To the OP. There is absolutely no difference to your years of NAT experience with the exception of it's reversed since your trying to manipulate a destination network.

Ethernet (your local lan) ip nat outside serial (customer with 10.100net) ip nat inside

ip nat inside source static network 10.100.0.0 10.150.0.0 /16

Place a core route for 10.150/16 pointing to your T1 router and your done. The other side obviously needs a route to your 172 network.

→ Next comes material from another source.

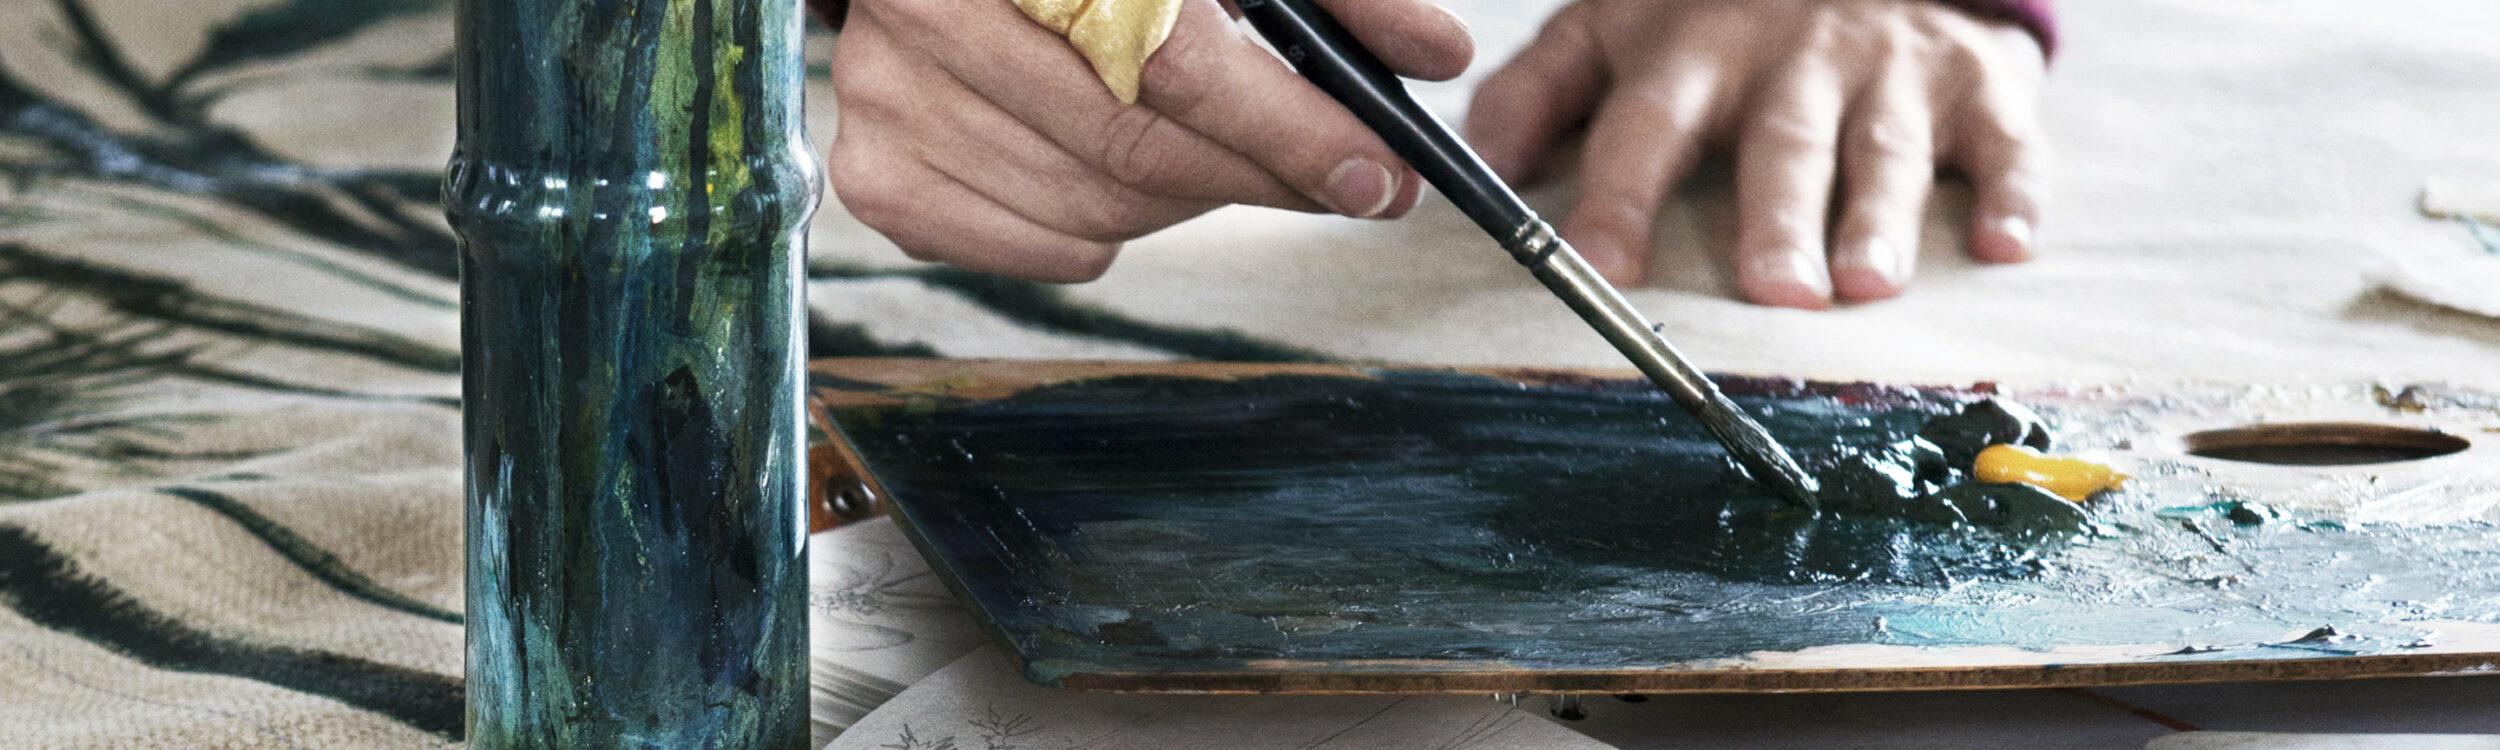 Ole Lynggaard Painting, Galerie Voigt, Nürnberg, Schmuck, Kunst

That's what I missed - reversing the ip nat inside and outside statements on the interfaces. That just reinforces my need of a separate router. I'll give that a shot. Thanks.

-Bob

The only reason you would need a seperate router is if the 2 different

10.100net's are off of it. If thats the case rather than buying new hardware you could have the end company (as Barry suggested) do the NAT.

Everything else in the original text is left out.